(PROBLEM DESCRIPTION): Restate word for word the lines below from the one that has "Durante entrevista coletiva, um" through the one that has "Ski Equipment Store Magazine Template", keeping both and dropping all pictures.

(PROVIDED RECORDS):

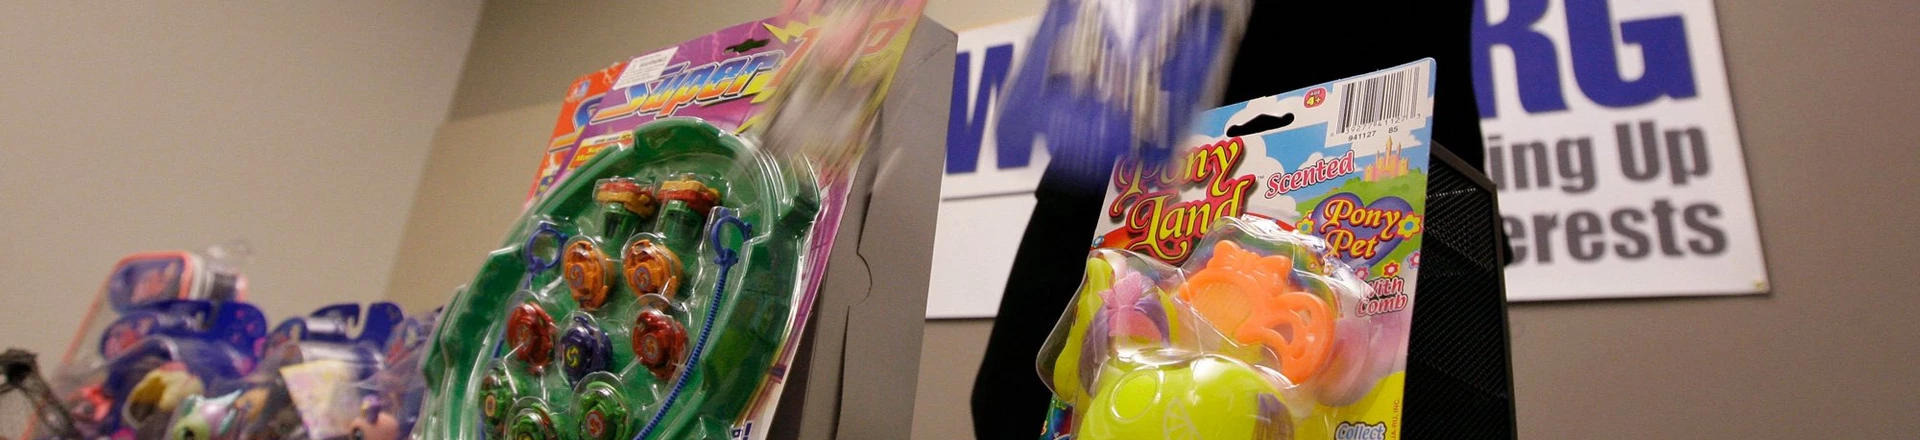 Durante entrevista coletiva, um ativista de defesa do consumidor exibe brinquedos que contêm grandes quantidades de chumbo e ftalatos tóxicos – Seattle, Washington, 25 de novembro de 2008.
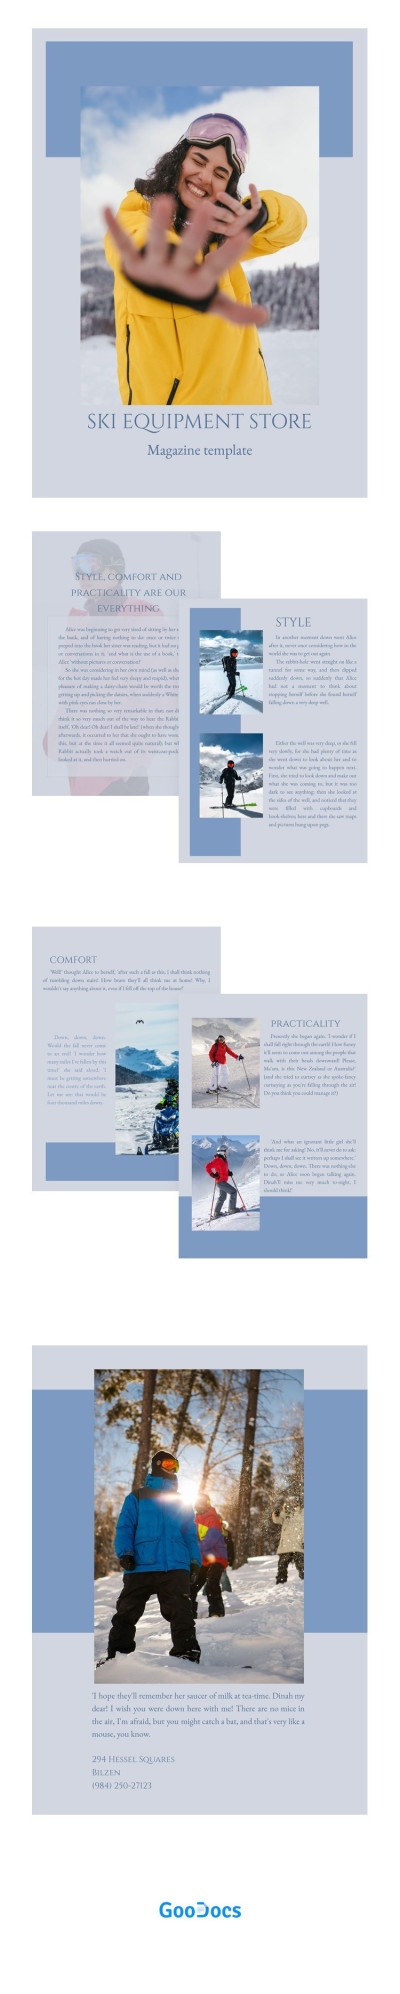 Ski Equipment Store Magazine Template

* * *

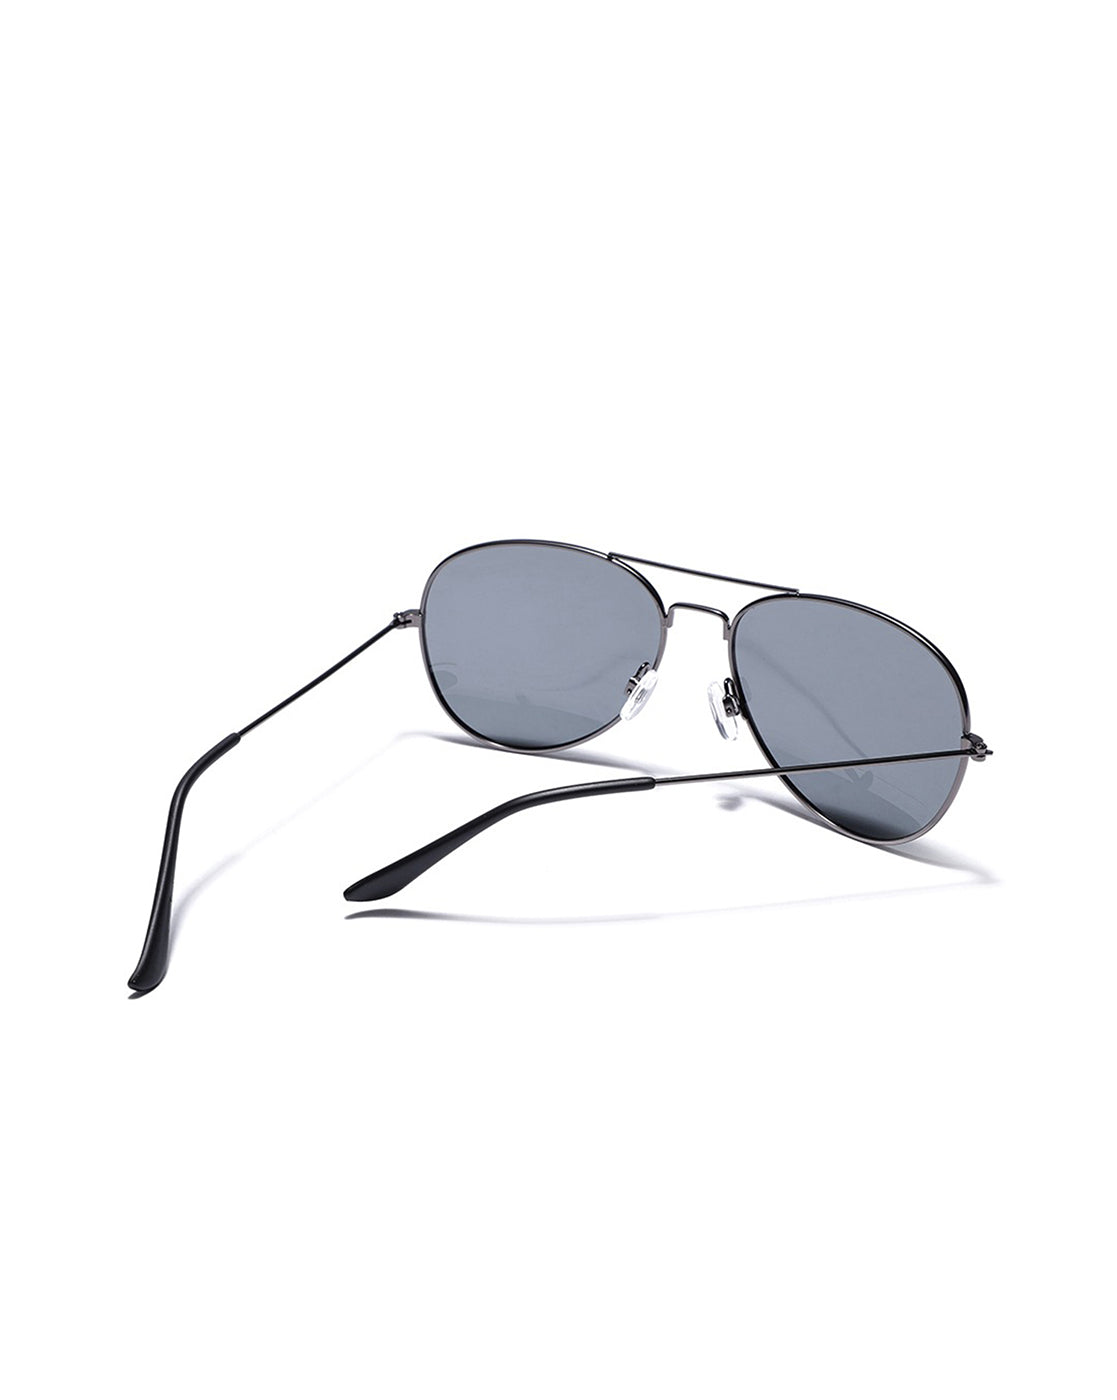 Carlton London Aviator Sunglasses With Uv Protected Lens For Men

(RESPONSE TO THE EXERCISE):
 Durante entrevista coletiva, um ativista de defesa do consumidor exibe brinquedos que contêm grandes quantidades de chumbo e ftalatos tóxicos – Seattle, Washington, 25 de novembro de 2008.
 Ski Equipment Store Magazine Template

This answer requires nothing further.